Allow listing of client-local allocations / tasks / task groups.

stswidwinski commented 2 years ago

Proposal

When using a localhost http client to communicate with the local Nomad node, I can expect a subset of RPC calls to not leave the localhost (as defined here: nomad/rpc.go at main · hashicorp/nomad · GitHub). This allows me to get information about a particular allocation (by its ID) present on the Nomad node such as resource usage and similar.

However, this set of calls does not allow me to discover the allocations that are known to the local node at the time of the query, forcing discovery to go through the Nomad Server (either a replica if we allow stale data or a master if we do not as defined in the routing policy: nomad/rpc.go at 3f67b5b8ebd78673e2f431f7822f60af53a6efea · hashicorp/nomad · GitHub).

The proposal is to add a node-local query which surfaces the currently known allocations (alongside a set of basic identifiers such as task, task group, job , namespace name and basic information such as status of the allocation) to the caller without forwarding the query off-box.

This would be a logical equivalent of https://www.nomadproject.io/api-docs/nodes#list-node-allocations for a given node served from the node-local state.

NOTE: For initial discussion on the topic please see https://discuss.hashicorp.com/t/nomad-client-allocation-discovery/44357

Use-cases

It is not uncommon for leaf-nodes of a distributed system (here: Nomad client servers) to perform auxiliary operations such as monitoring, logging and metric aggregation. Such operations naturally should keep their scope constrained to the local node (host) and not spill outside of it since otherwise

The number of leafs in the system (here: Nomad clients) increase the load on the root (here: Scheduler(s)), which may result in a DDoS in case of synchronization (more concretely: if each node queries the scheduler for node-local data and all of the nodes happen to synchronize, one can effectively self-DDoS)
Client-server network partitions cause node-local operations to fail with no recourse (even though, theoretically, node-local operations don't have to be affected)
Leaf nodes (Nomad clients) may become partitioned from the scheduler(s), yet not from logging or metrics aggregation systems causing impaired visibility into the actual state of partitioned nodes.

Attempted Solutions

The "best" solutions that I can muster using the existing APIs breaks the abstraction of an API either by peeking into data that is clearly meant to be "private" or "unstructured":

One may peer into the nomad data dir to list the directories within the alloc dir for IDs present there. However, this will only work for allocations which have made it thus far and for which Nomad Client has managed to create disk-bound artefacts. The permissions on the alloc dir is also 0611 which clearly shows that this is not meant for public consumption.
One may also abuse the metrics endpoint which contains most of this information within labels without promising the structure or the persistence of the settings. Here is a quick-and-dirty jq query which accomplishes the task:

curl -s --cacert <CA_CERT_PATH> --cert <CERT_PATH> --key <KEY_PATH>  https://localhost:4646/v1/metrics  | jq '.Gauges[].Labels | if type == "object" and has("task") then .alloc_id,.task,.namespace else null end' | grep -v null
...
"10999fc9-c255-7728-1ba6-b3358c6ef240"
"workload"
"workload-testing"
"c4371047-b100-4ec8-4e17-b1c986d0b661"
"auxiliary-workload"
"auxiliary-workload-testing"
...

With a little bit more creativity we can sort, uniq and produce a bound list of task, job, namespace, alloc_id tuples. The problem with this approach is that local state may contain non-running allocations which will not cause emission of metrics leading to inaccuracies.

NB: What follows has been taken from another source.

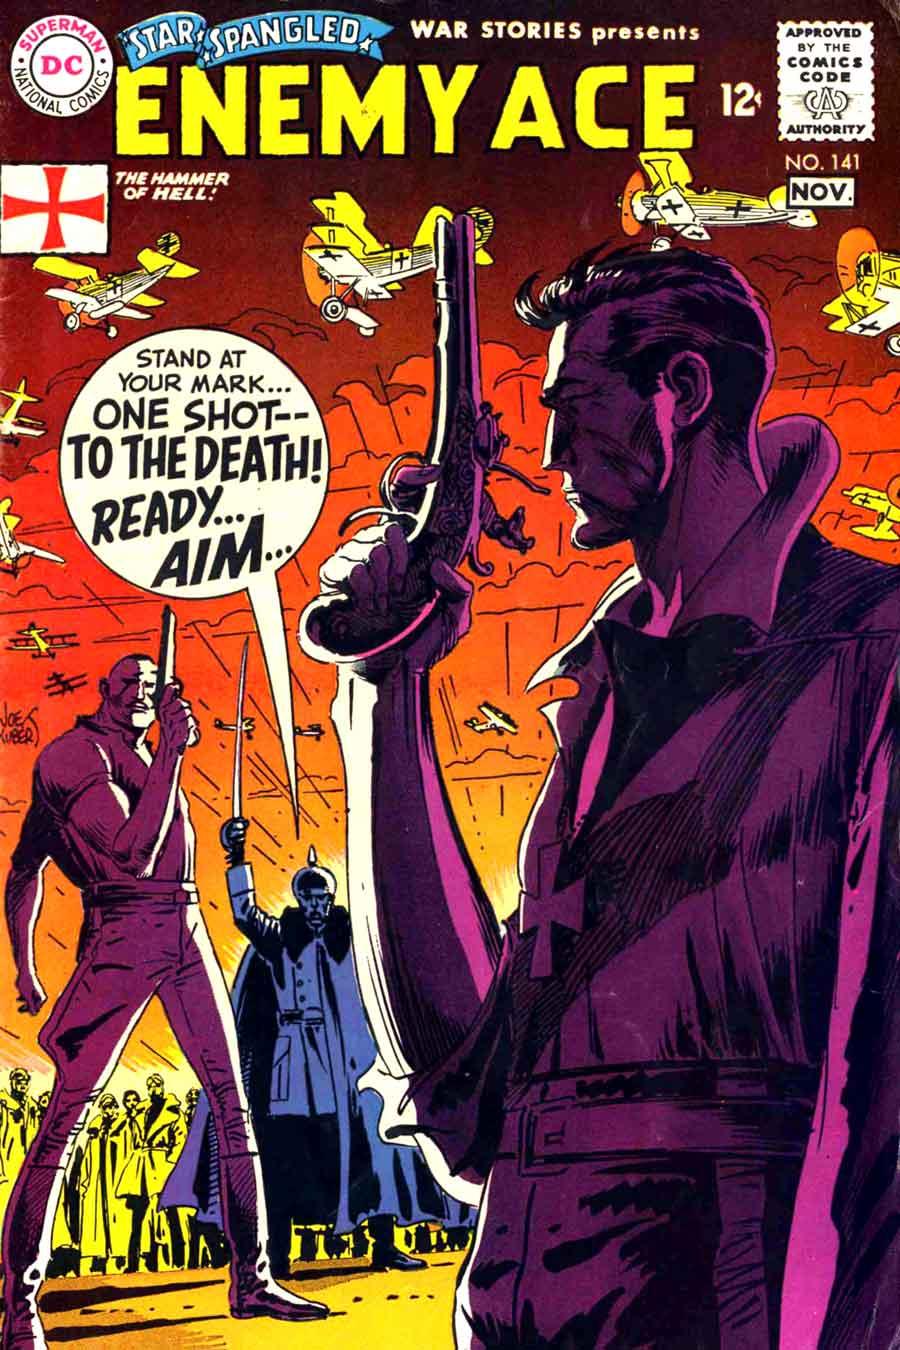 Star Spangled War v1 #141 enemy ace dc comic book cover art by Joe Kubert

stswidwinski commented 2 years ago

@jrasell, thanks for tagging and triaging! I'm curious if you have a sense of when the roadmapping / triaging / discussion would happen (weeks / months)?

If accepted by the team, I'm happy to provide a PR to facilitate the change and save myself from working around the issue at hand. Let me know what you think

tgross commented 1 year ago

I've got this on my radar and wanted to jot down some thoughts on how this could be implemented.

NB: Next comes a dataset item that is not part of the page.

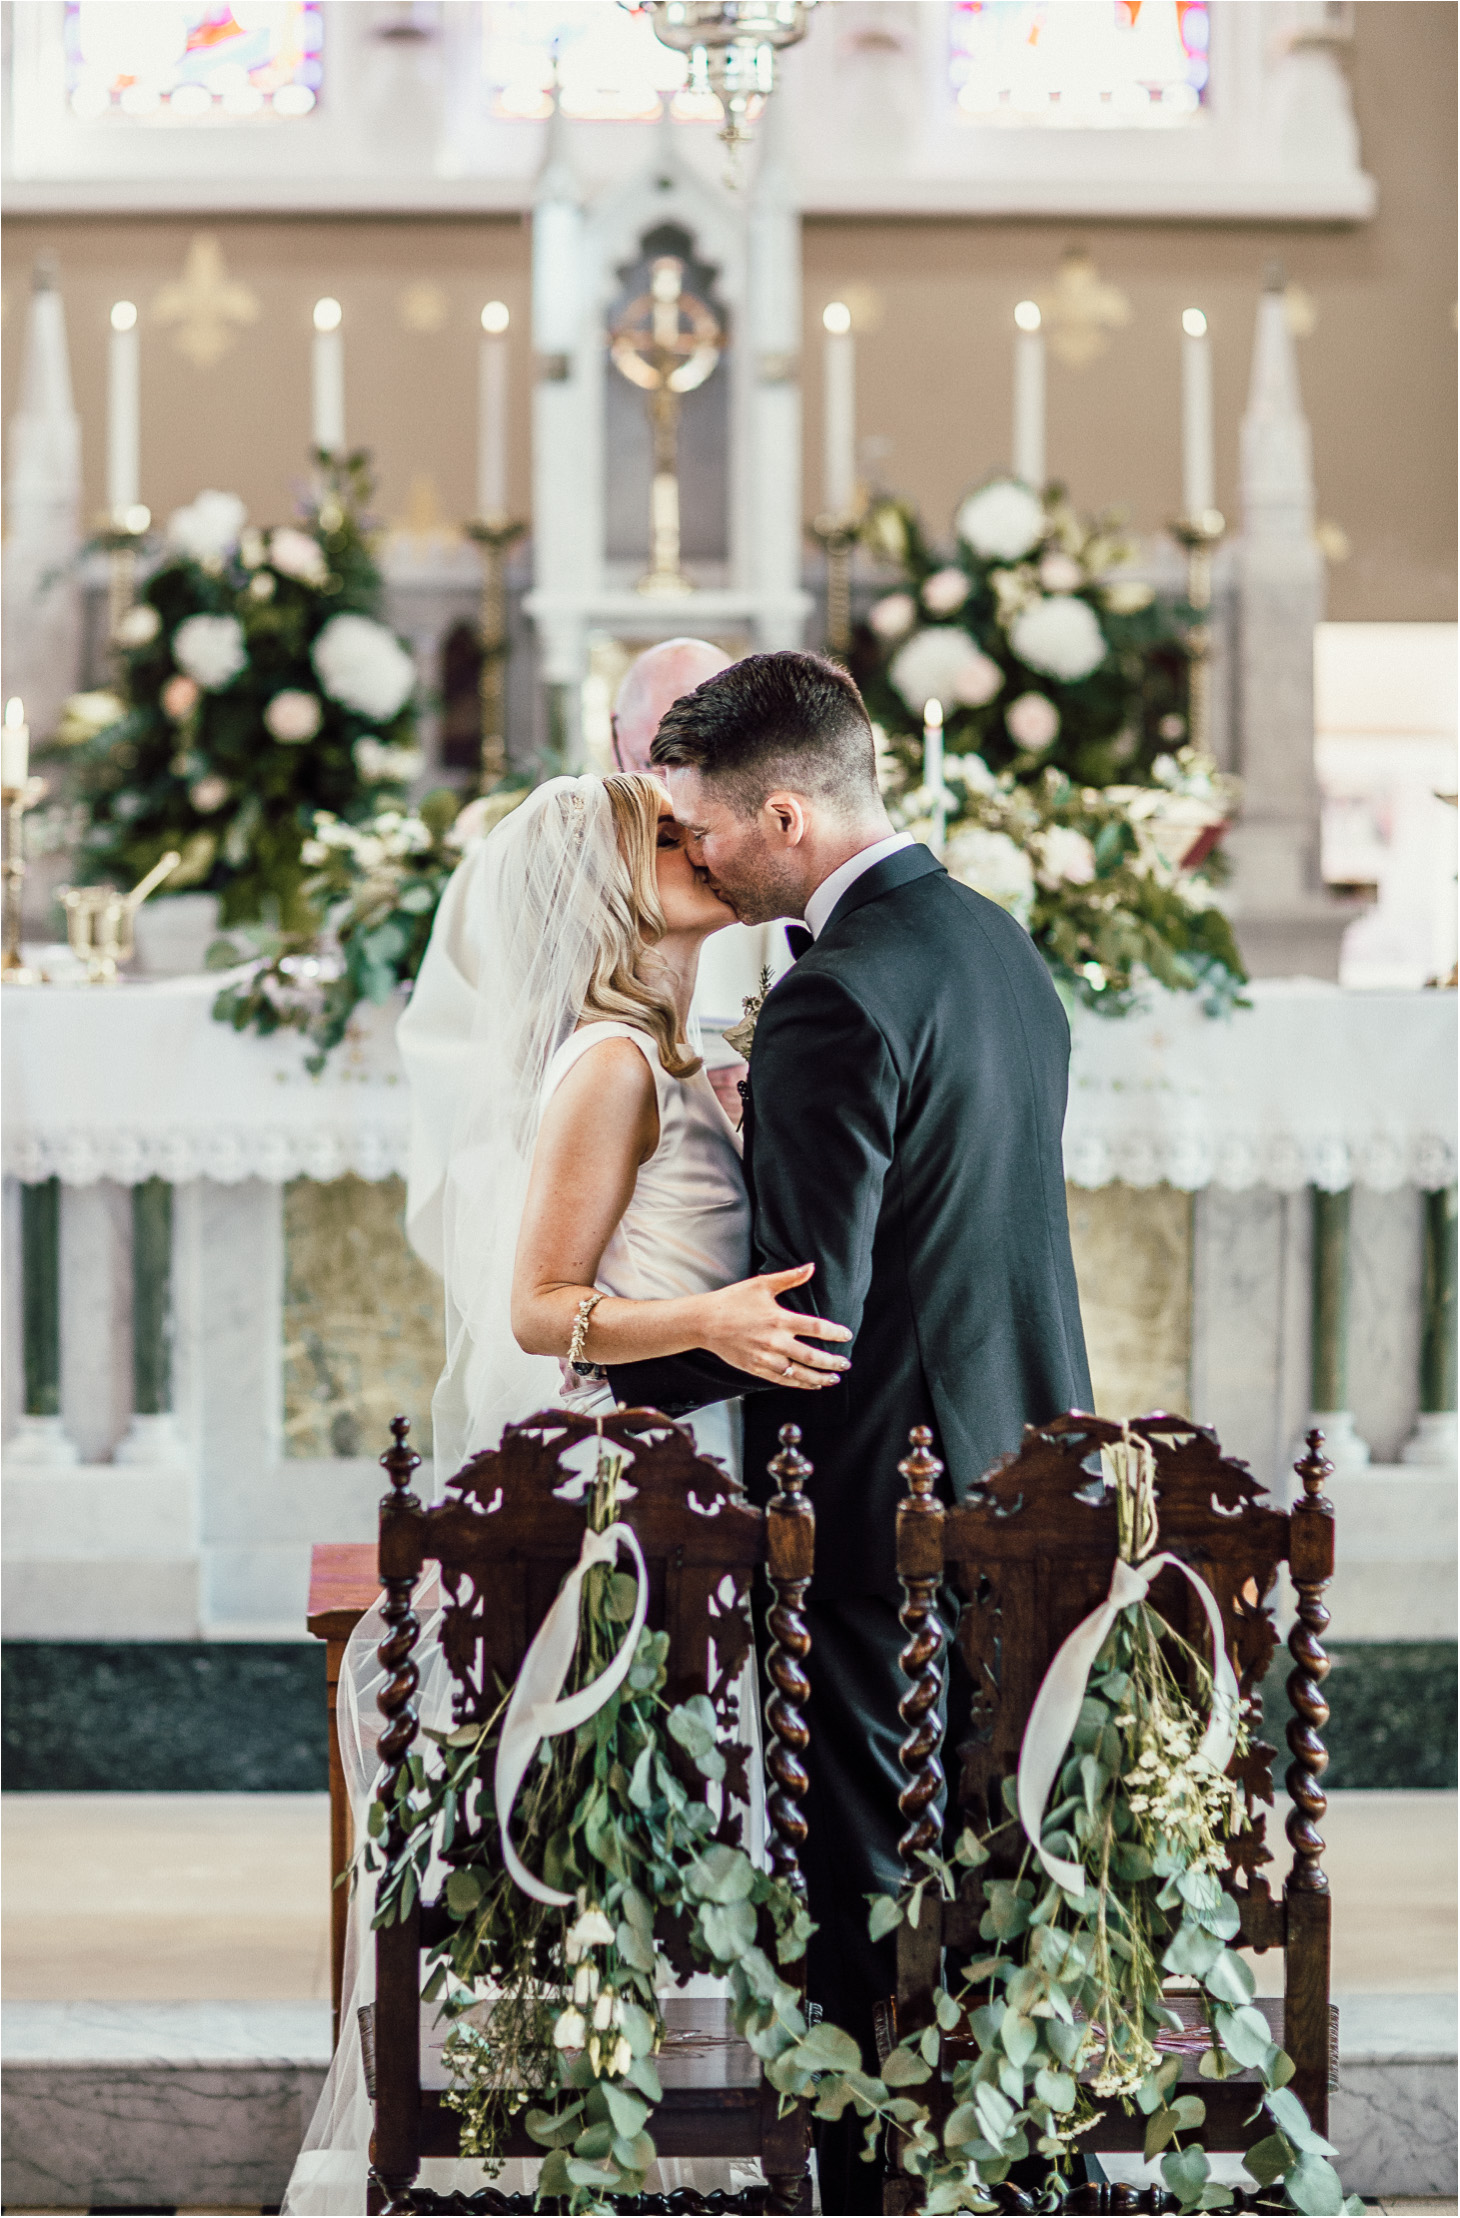 Virgina Lodge Photography. darren fitzpatrick. Wedding.10

We currently have a few existing HTTP APIs that can get information about specific allocations from the client directly without going to the server. These are all under the /v1/client API and including Read Allocation Stats, Read File, GC Allocation, etc. When these requests hit a client they get routed to the ClientAllocRequest handler which maps them to client RPCs handled in client/alloc_endpoint.go.

Those client RPC handlers have access to the entire client state and a cache of ACL permissions. For example, a handler could do the following to get a list of all the live allocrunners (untested, handwavy, and probably broken code with request/response types that don't exist yet):

func (a *Allocations) ListAllocationStates(args *SomeRequest, reply *SomeResponse) error {

    aclObj, err := a.c.ResolveToken(args.AuthToken)
    if err != nil {
        return err
    }

    a.c.allocLock.RLock()
    defer a.c.allocLock.RUnlock()

    allocStates := []*state.State{}
    for _, ar := range a.c.allocs {
        if aclObj == nil && aclObj.AllowNamespaceOperation(
            ar.Alloc().Namespace, acl.NamespaceCapabilityReadJob) {
            allocStates = append(allocStates, ar.AllocState())
        }
    }

    reply.AllocStates = allocStates
    return nil
}

Then tasks on the same host with the appropriate Workload Identity could hit the Task API socket to read the allocation states in the namespaces they have access to.

So this is technically fairly straightforward, we just need to design the space of operations we want to expose. Do you have any specific thoughts on that @stswidwinski? ListAllocationStates and/or ListAllocations seems like it gets us a lot just by itself, and then you could follow up with the other existing local operations.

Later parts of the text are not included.